During the preicteric phase, patients may manifest with nonspecific systemic symptoms (eg myalgia, nausea, vomiting, fatigue, malaise with discomfort in the right upper quadrant of the abdomen), altered sense of smell or taste, coryza, photophobia, headache, cough, diarrhea, dark urine, and serum sickness-like syndrome. Hepatomegaly, splenomegaly, and lymphadenopathy may be seen during physical examination. During the icteric phase, jaundice is usually noted after the onset of the fever or upon lysis of the fever.

If fulminant hepatitis ensues, the development of symptoms of hepatic encephalopathy (eg confusion, drowsiness within 8 weeks of symptoms or within 2 weeks of the onset of jaundice). Hypoglycemia and prolonged prothrombin time (PT) may also occur.

The routes of transmission of hepatitis differ according to type. Hepatitis A may be transmitted via the oral-fecal (eg ingestion of contaminated food or water) route, person-to-person contact, or sexual contact. Hepatitis B may be transmitted via the perinatal route, percutaneous route, sexual contact, or close person-to-person contact (ie by open cuts and sores). Hepatitis C may be transmitted via blood transfusions, organ transplants, percutaneous (especially intravenous drug use) route, sexual contact, or perinatal route. Hepatitis D is transmitted via sexual contact, percutaneous route especially intravenous drug use, or mucous membrane contact with infectious blood or body fluids. They may be found only in patients with hepatitis B since it requires the hepatitis B outer coat. Hepatitis E is transmitted via the oral-fecal route (ingestion of contaminated food or water), or by blood transfusion in endemic areas.

The incubation period of hepatitis likewise differs according to type. Hepatitis A has an incubation period of 15-50 days. Hepatitis B has an incubation period of 30-180 days. Hepatitis C has an incubation period of 14-180 days. Hepatitis D has an incubation period of 30-180 days. Hepatitis E has an incubation period of 15-60 days.

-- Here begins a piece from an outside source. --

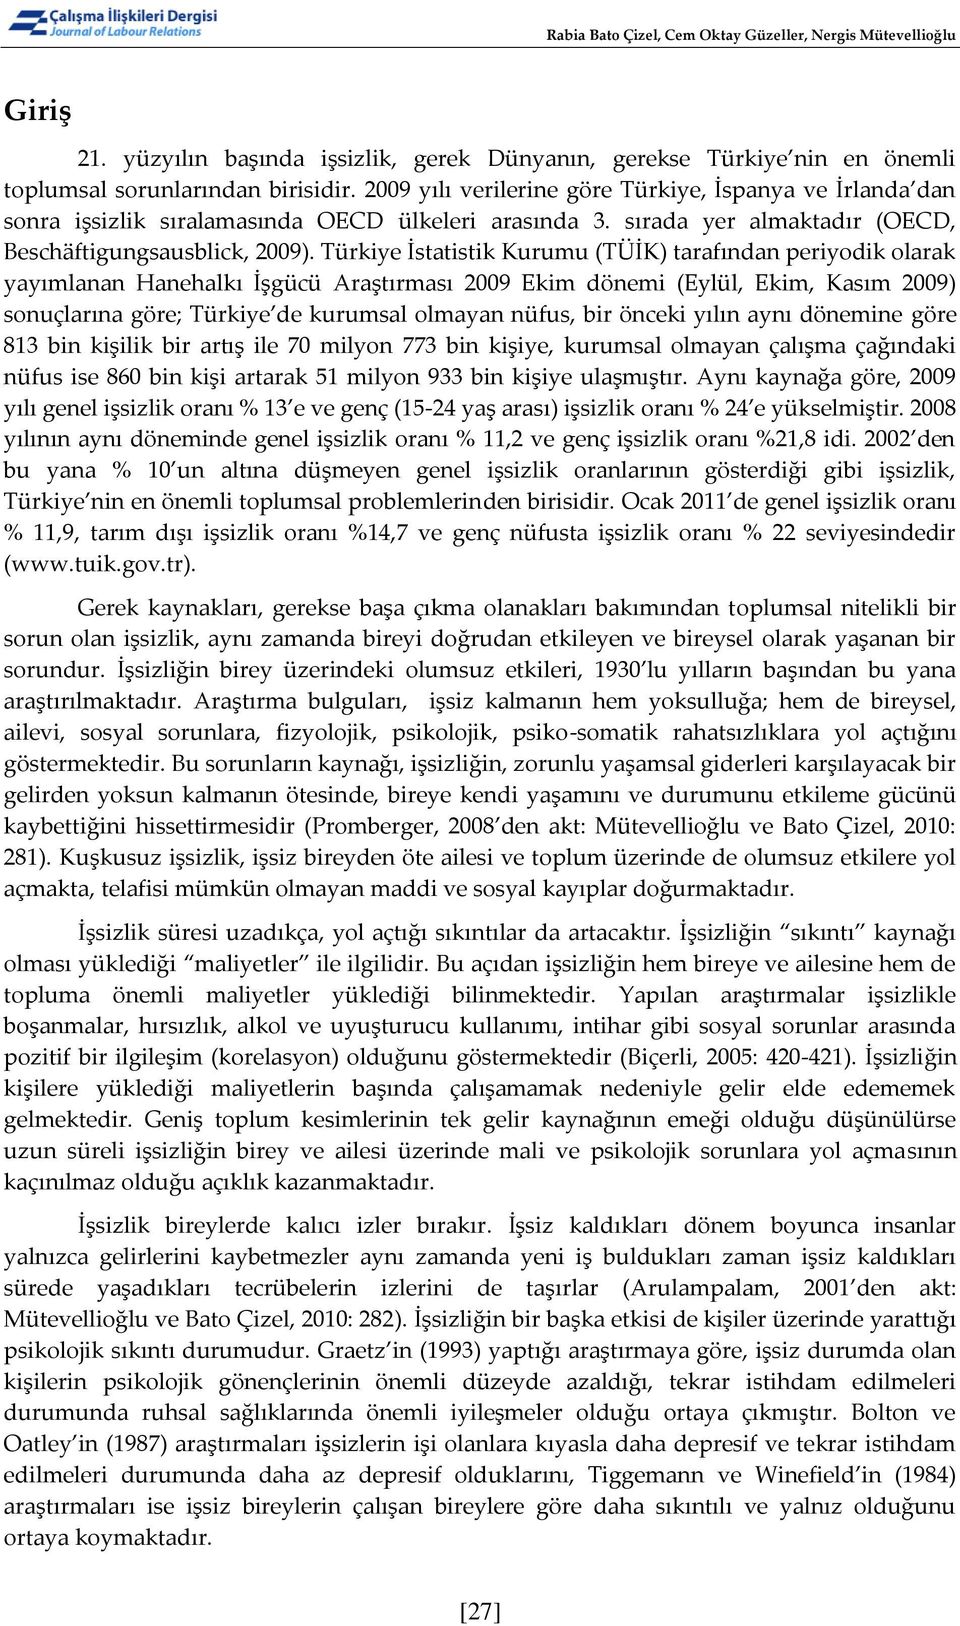 Türkiye İstatistik Kurumu (TÜİK) tarafından periyodik olarak yayımlanan Hanehalkı İşgücü Araştırması 2009 Ekim dönemi (Eylül, Ekim, Kasım 2009) sonuçlarına göre; Türkiye de kurumsal olmayan nüfus,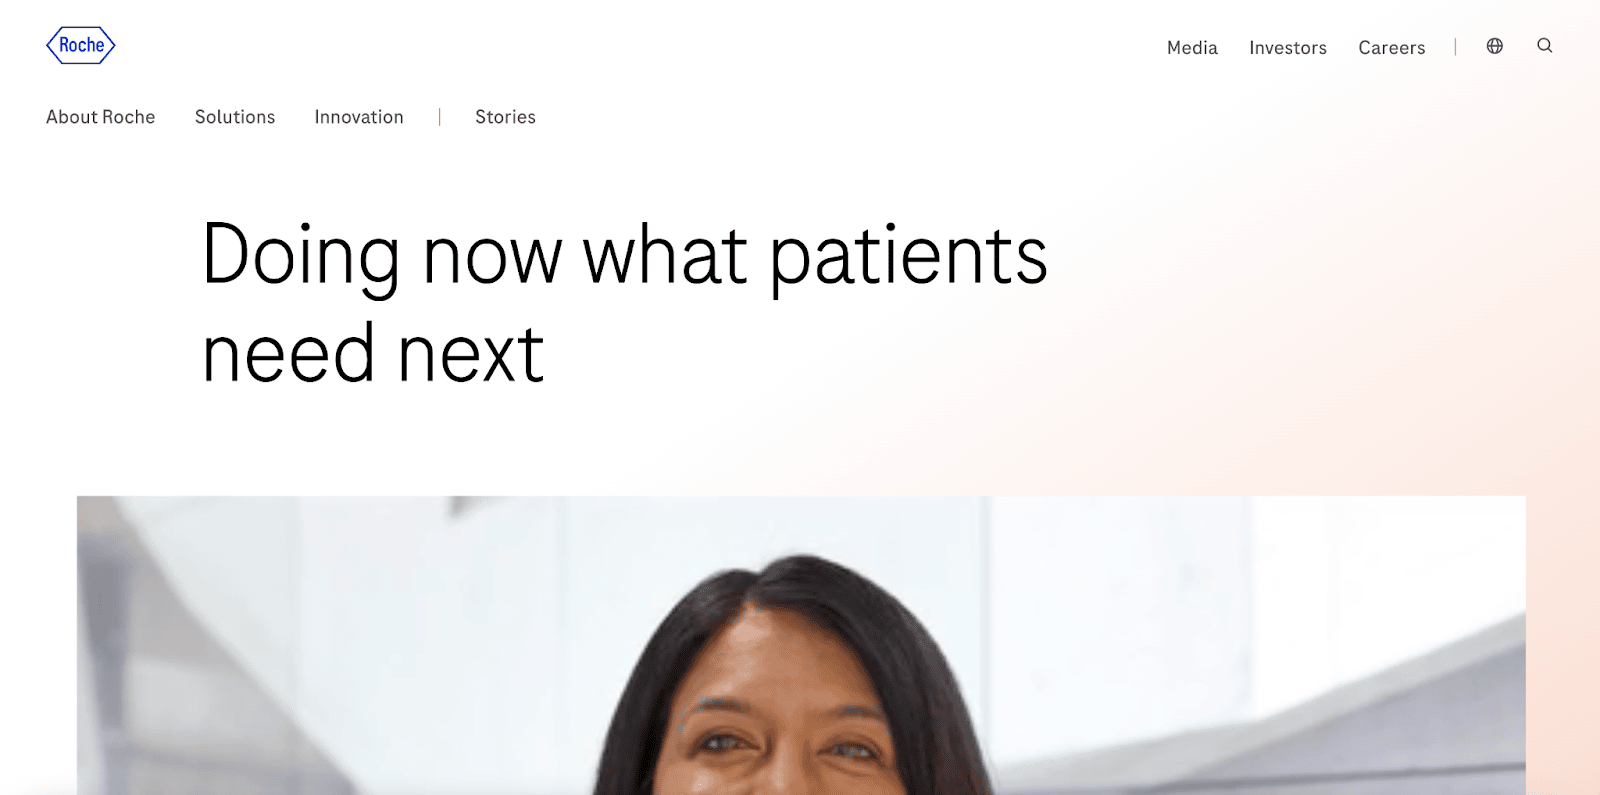 Ein Screenshot zeigt die offizielle Homepage von Roche mit dem Text "Doing now what patients need next" und einem Foto einer lächelnden Frau.

Hepatitis B virus contains DNA nucleic acid while A, C, and E viruses have RNA nucleic acid. Hepatitis D has an incomplete RNA and needs the B virus to replicate. Hepatitis A and E viruses cause epidemics while Hepatitis B, C, and D viruses may predispose an individual to chronic disease and hepatic malignancy. 

Hepatitis B_Initial Assessment 1Hepatitis B_Initial Assessment 1

History

The following are important points in the clinical history of patients with suspected viral hepatitis: 

  • Contacts with jaundiced patients
  • Intravenous drug use
  • History of blood transfusion
  • Surgery or hospitalizations
  • Family history of chronic liver disease
  • Occupation
  • Food and water sources
  • Alcohol use
  • Migration from a country with high hepatitis B or hepatitis D virus prevalence rates

Screening

Screening for chronic hepatitis B virus infection is recommended for household members, sex partners, and drug-sharing partners of a person with chronic hepatitis B virus infection, men who have sex with men (MSM), HIV-positive individuals, pregnant women, blood or plasma or organ or tissue or semen donors, infants born to HBsAg-positive mothers, patients on hemodialysis, chemotherapy, or immunosuppressive therapy, patients with elevated AST/ALT of unknown etiology, correctional facility inmates, and individuals born in countries with hepatitis B virus prevalence of ≥2%.